LousyRiverdalePunk said:


> Tried it! Tried the "house is clean before we go bed" routine. Either 1. She is way too busy or tired but it'll work tomorrow or 2. She starts to clean then tried one clothes for the next two hours instead.
> 
> Seriously, a fabulous, amazing, extremely put together woman in every _other_ aspect of her life!


----------



## MarriedWifeInLove (May 28, 2010)

I lover her, but my daughter is a complete slob when it comes to the house. Her and her husband have the same problem.

The way they solved it is they set aside every other Saturday and they BOTH CLEAN. No excuses, no other activities. He doesn't let her get away with trying on clothes or saying she's tired, etc. This has worked for them, she is still a slob - but at least the house is clean every other week. Now she is a fabulous cook and cooks everyday so he said that helps.

How old is she? My daughter will be 25 soon and she said she's starting to notice that it bothers her when the house is dirty when it used to be no big deal before. If I were honest, I was kind of a slob until I was about 21 or 22 myself and then the light went on.

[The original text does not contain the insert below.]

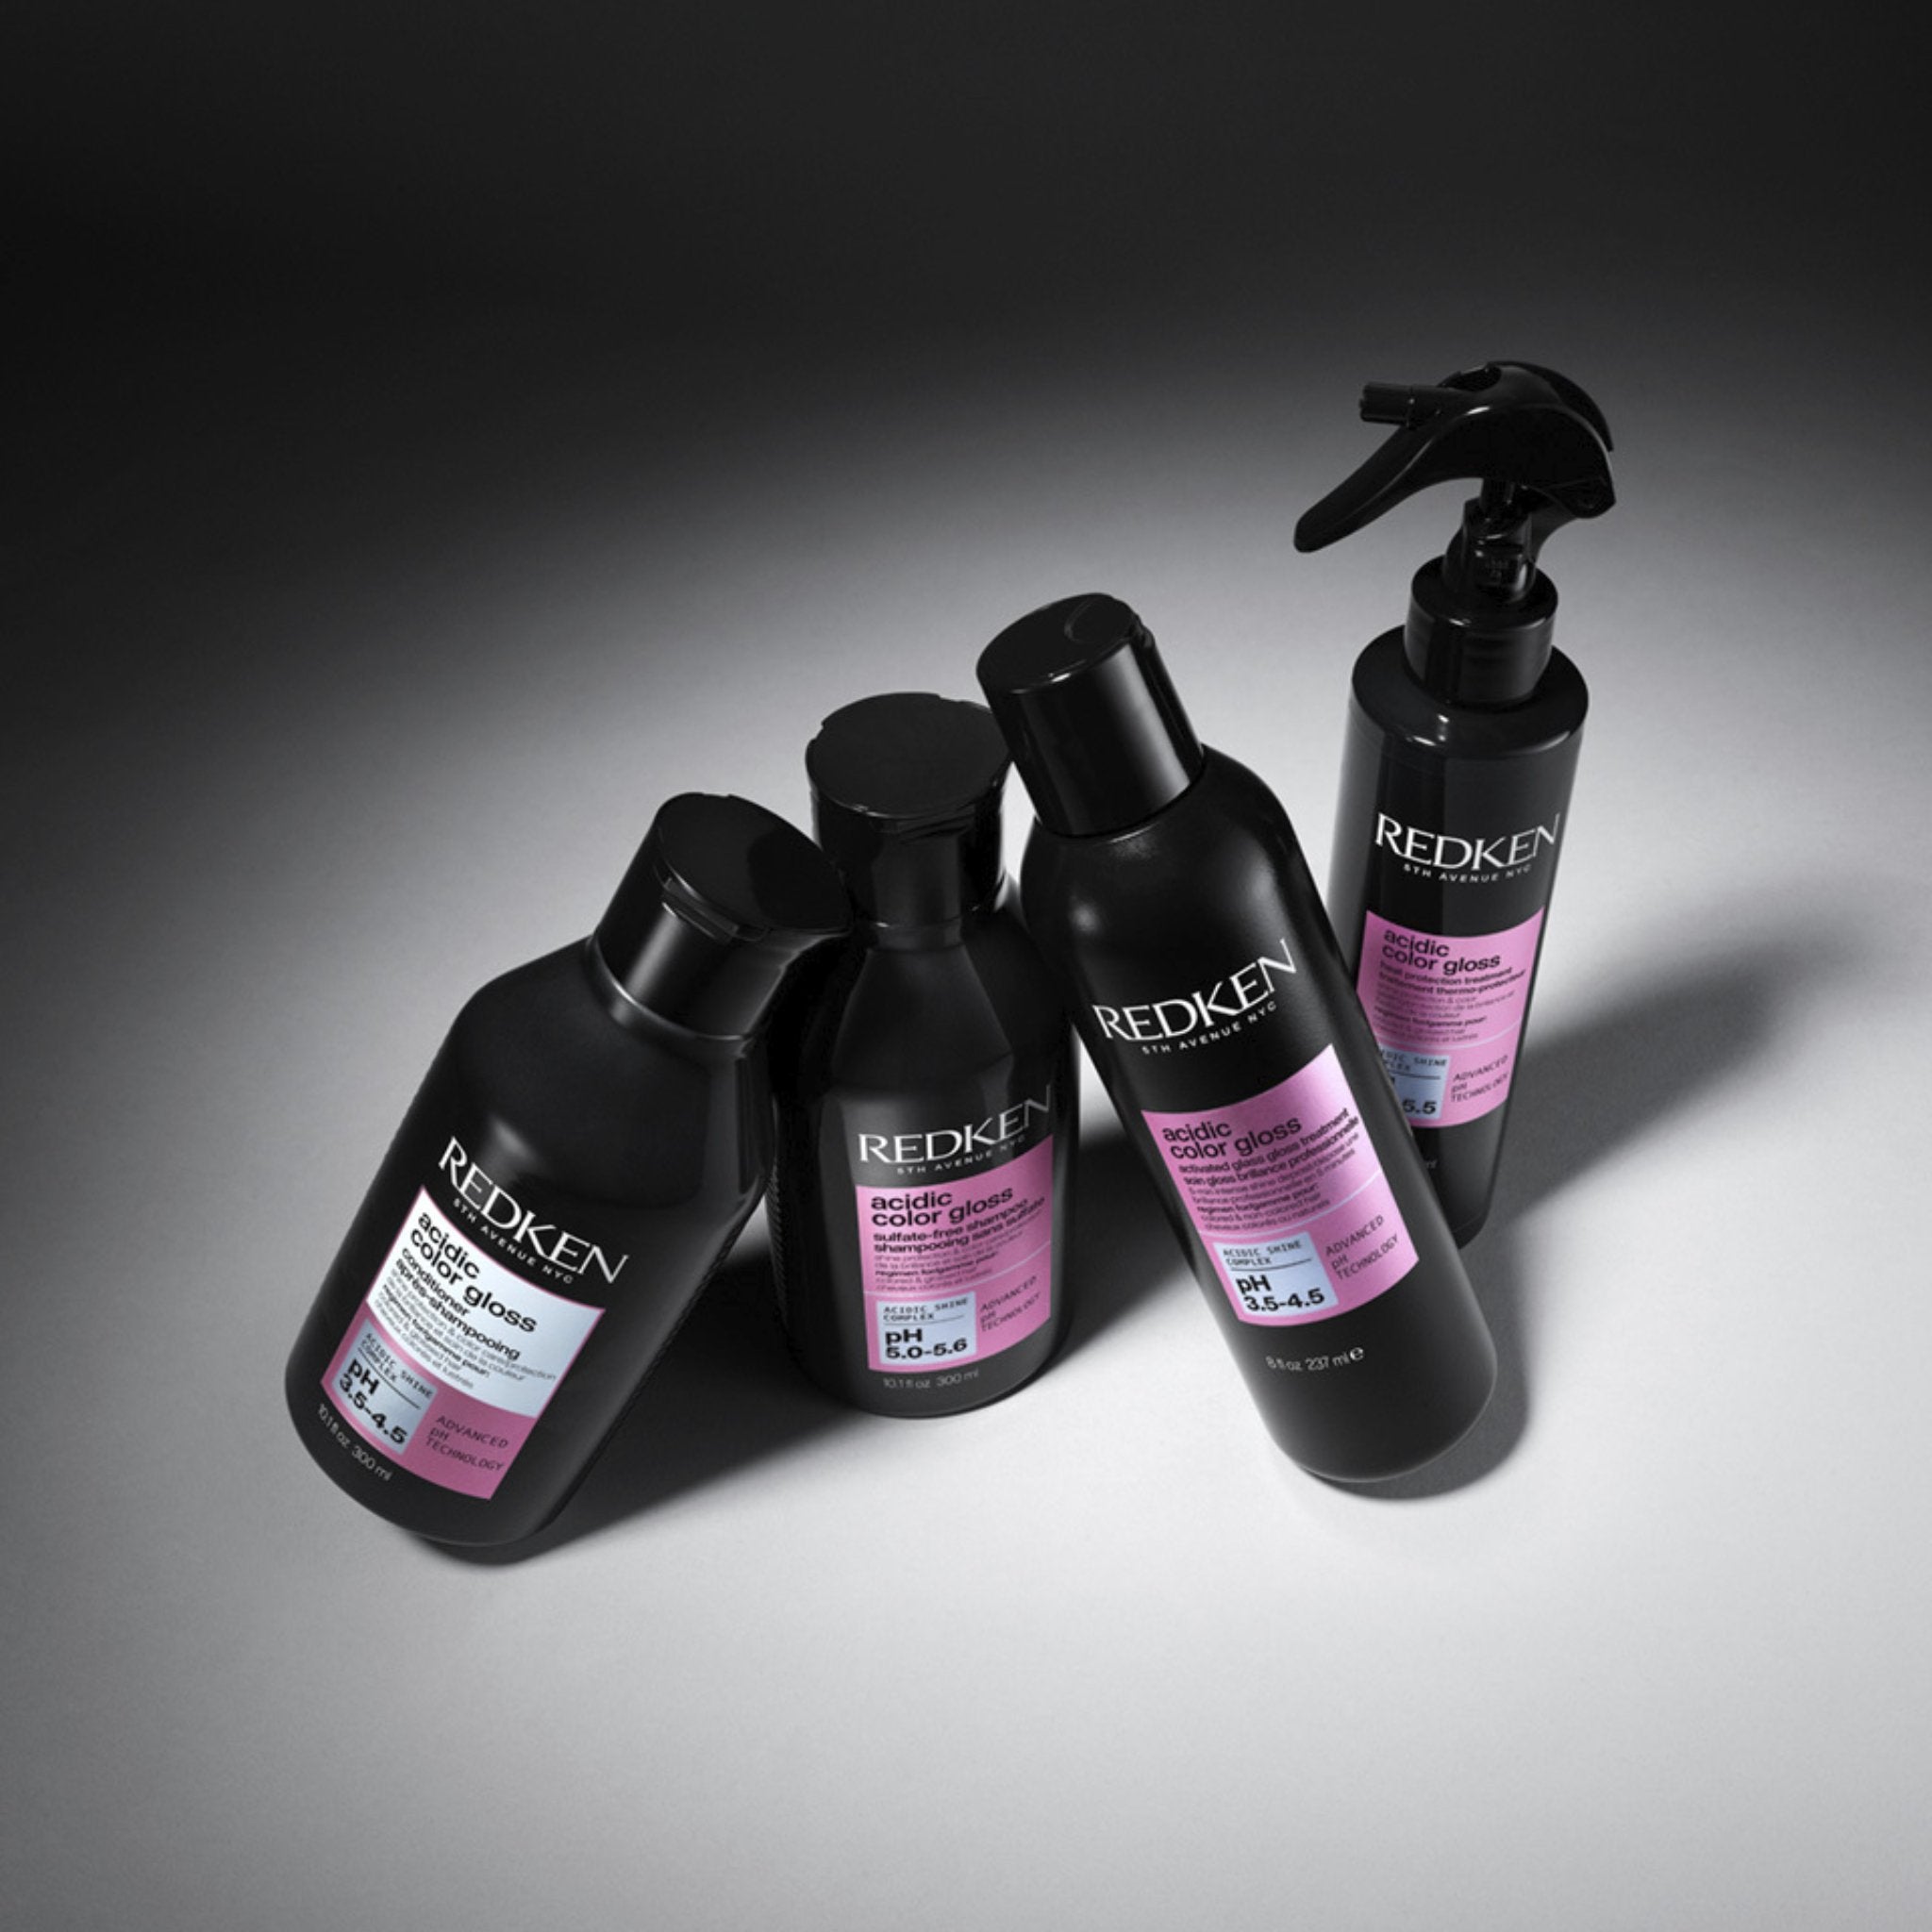 Redken. Acidic Color Gloss Traitement Thermo-Protecteur - 200 ml - Concept C. Shop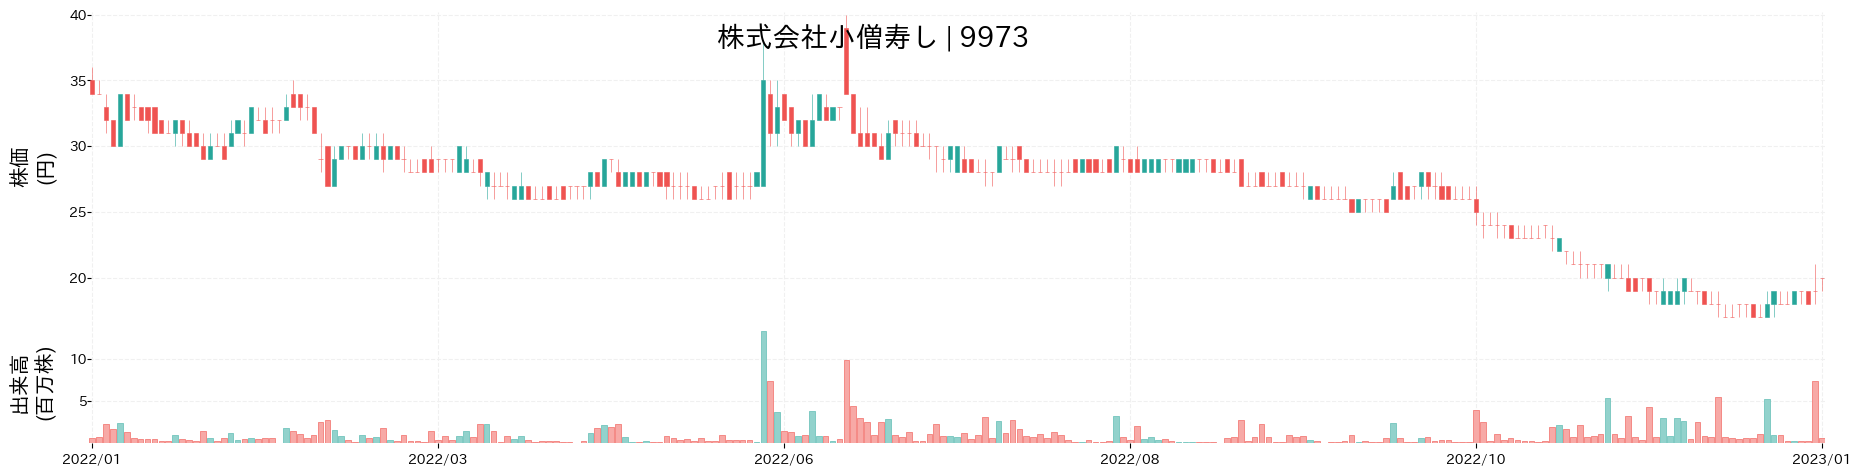 小僧寿しの株価推移(2022)

So - either make a commitment to clean every other Saturday or Sunday and no excuses or continue picking up after her. Or...leave the house really dirty and invite some of her friends or family over - the embarrassment just might solve your problem!


----------



## greenpearl (Sep 3, 2010)

Don't understand you. 

I posted in another thread that I clean up and cook and make my husband very happy. You were suspicious if I have a happy marriage or not. And you told me that if you were a woman, you wouldn't want to be like me.

Here you are telling everyone that your wife is messy and your are frustrated. So do you want a woman who is organized or not? 

Normally I am not cut and nasty, but I have no sympathy for you!


----------